UX checklist for production RAG
Offline (pre‑release)
-
Answers include source citations with human‑readable titles.
-
Citation click opens the exact passage (anchor or highlight).
-
Clear “last updated” timestamp for time‑sensitive topics.
-
Graceful fallback templates for low confidence or missing data.
-
Red‑team prompts for PII, harassment, self‑harm, medical/legal advice; ensure deflection copy is approved.
Online (post‑release)
-
Live counters: bad‑answer alerts, missing citation alerts, P95 latency, cost per answer.
-
One‑click “report an issue” with trace ID; route to triage.
-
A/B or interleaving harness with opt‑out for users.
-
Session persistence: keep context across follow‑ups with visible summary toggle.

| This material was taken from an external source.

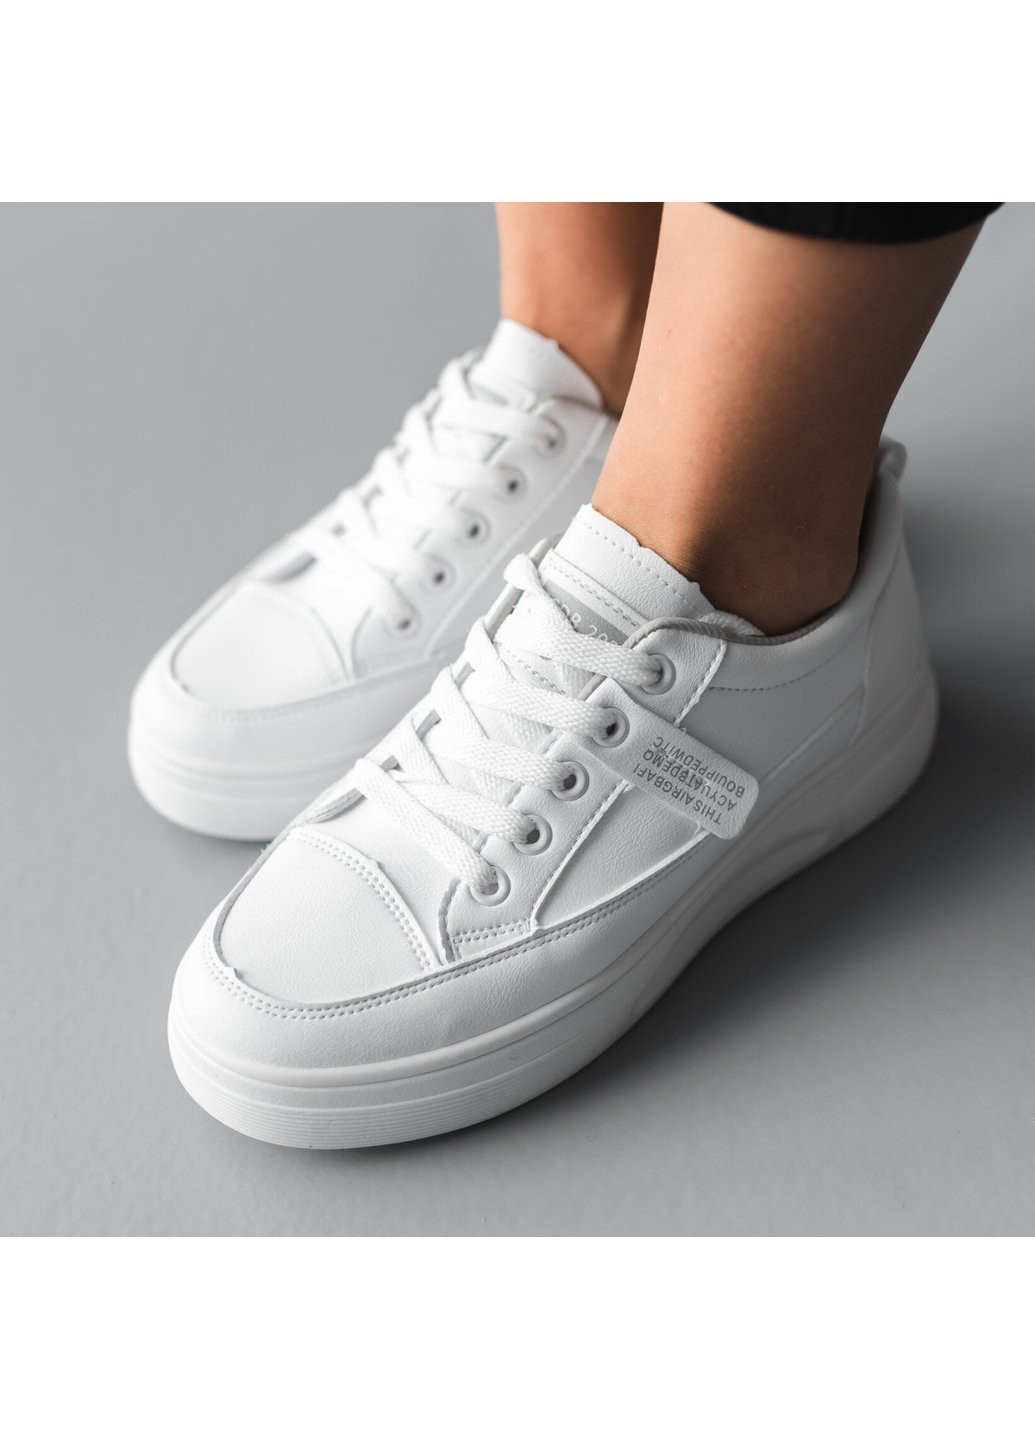 Білі осінні кросівки жіночі digby 3720 36 23 см білий Fashion

Operating cadence and governance
-
Weekly: review drift in query mix; refresh 10–20 golden items targeting new intents.
-
Biweekly: rotate a canary model or reranker behind Gate 4 with hard rollback criteria.
-
Monthly: full retriever re‑index; re‑baseline LangSmith/RAGAS/TruLens/Promptfoo runs; publish a one‑page report to stakeholders.
-
Quarterly: rubric recalibration with human adjudication; archive stale items.
Troubleshooting playbook
-
High recall@k, low faithfulness: your generator is over‑abstracting; add stricter answer templates and larger citation k.
-
Low recall@k, decent faithfulness: your retriever misses; fix chunking, add reranking, or expand index coverage.
-
Good offline, poor online: environment drift; verify feature flags, prompt versions, and context window truncation.
-
Spiky latency/cost: add adaptive routing (cheap model for easy intents) and early‑exit heuristics.

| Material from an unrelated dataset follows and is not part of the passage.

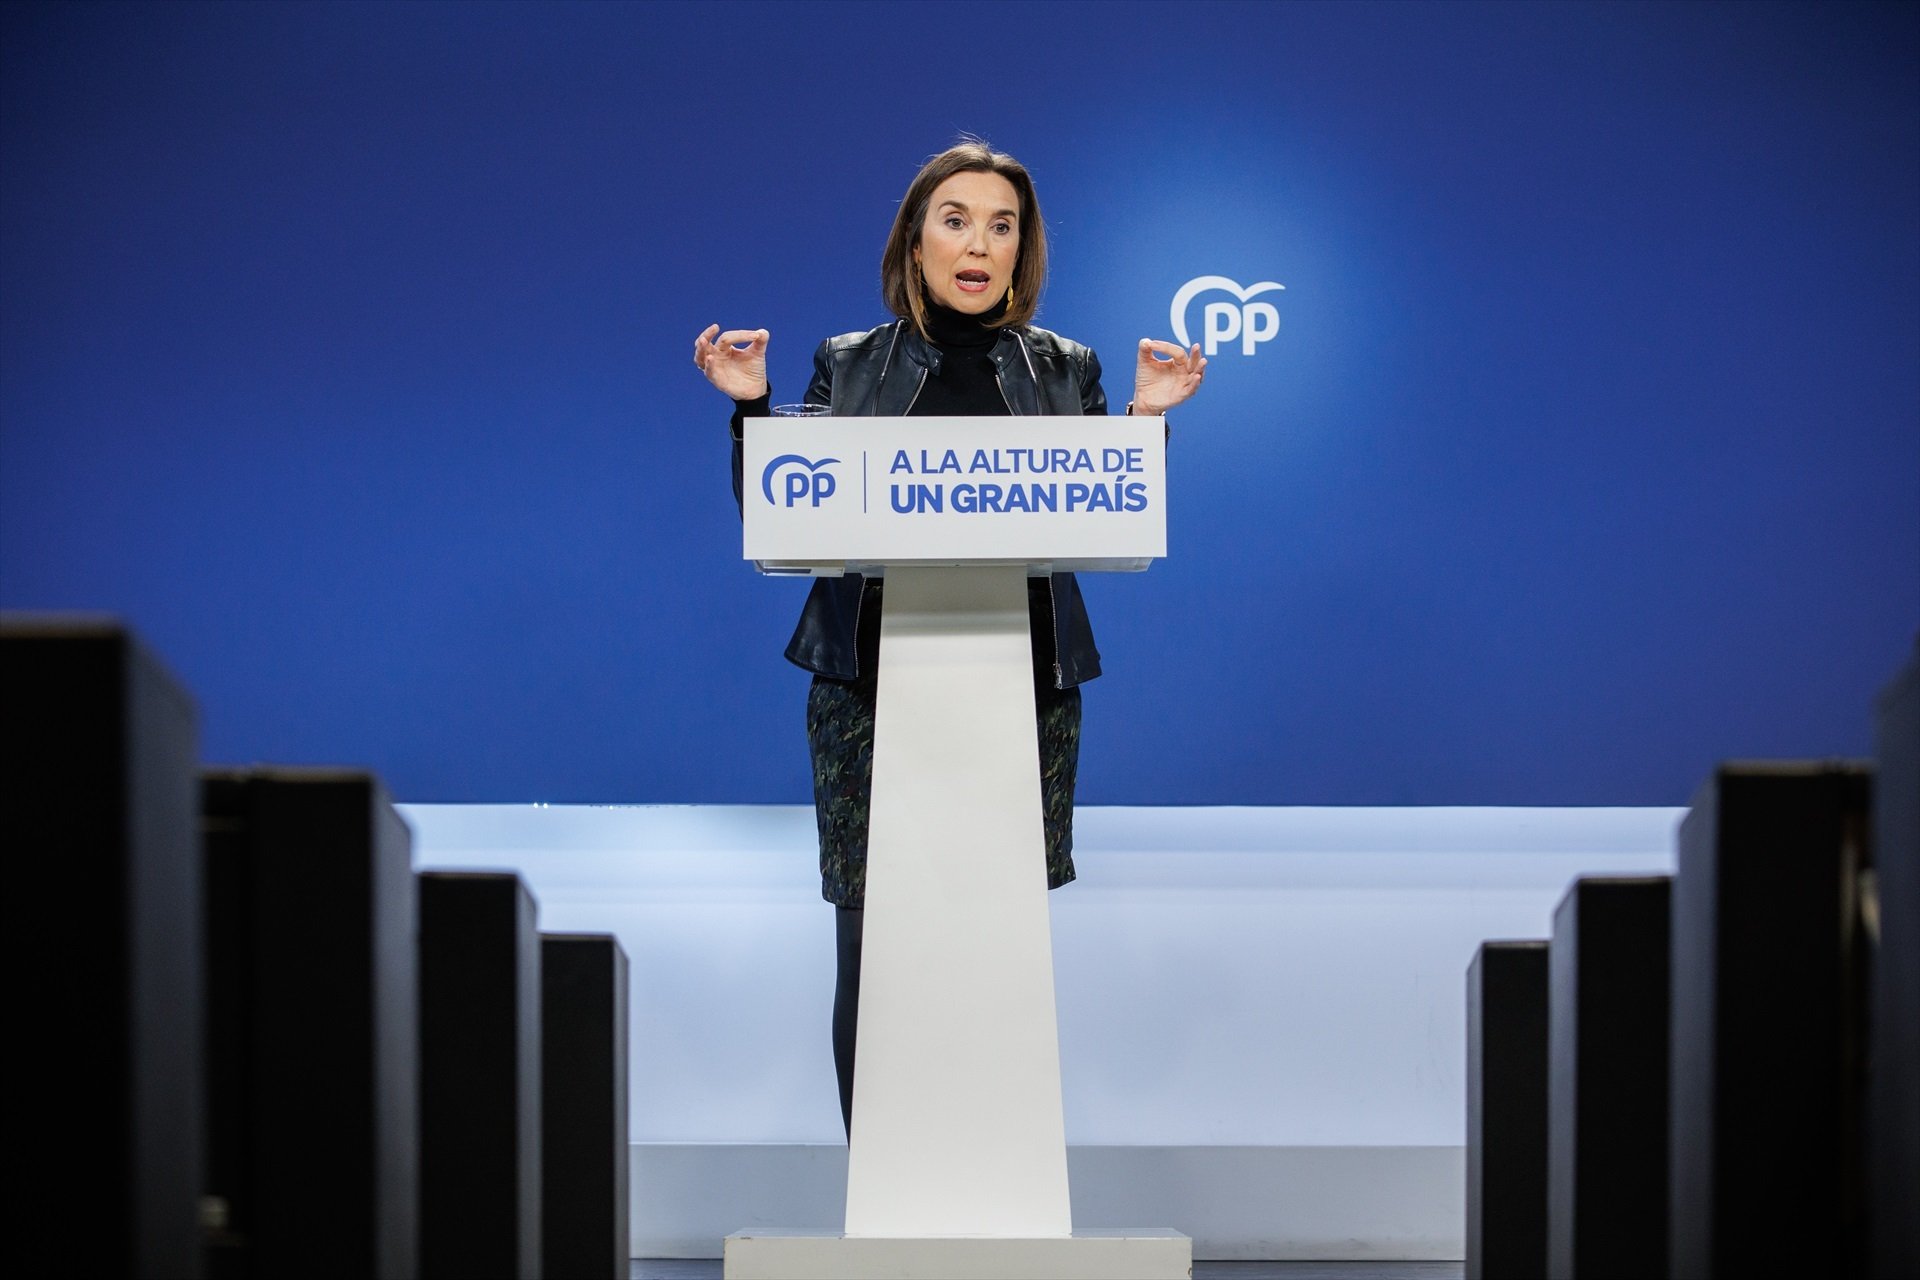 El PP critica el pla anticrisi del govern espanyol: "Arriba tard i es queda curt"

Implementation notes for schema and metadata
-
dateModified: 2025-10-17 (ISO 8601 recommended in your page template)
-
FAQPage: expose Q/A below as schema.org FAQ entries in your site layer
-
Article: include headline, author, datePublished, dateModified, about (RAG evaluation), and about mentions (LangSmith, RAGAS, TruLens, Promptfoo)
FAQ
Q: How big should my first golden set be? A: 150–300 items covering top intents, edge cases, and time‑sensitive queries. Grow as coverage expands.
Q: Should I use multiple judges? A: Yes. Keep one primary judge prompt/model for comparability; sample a second judge and humans on disagreements.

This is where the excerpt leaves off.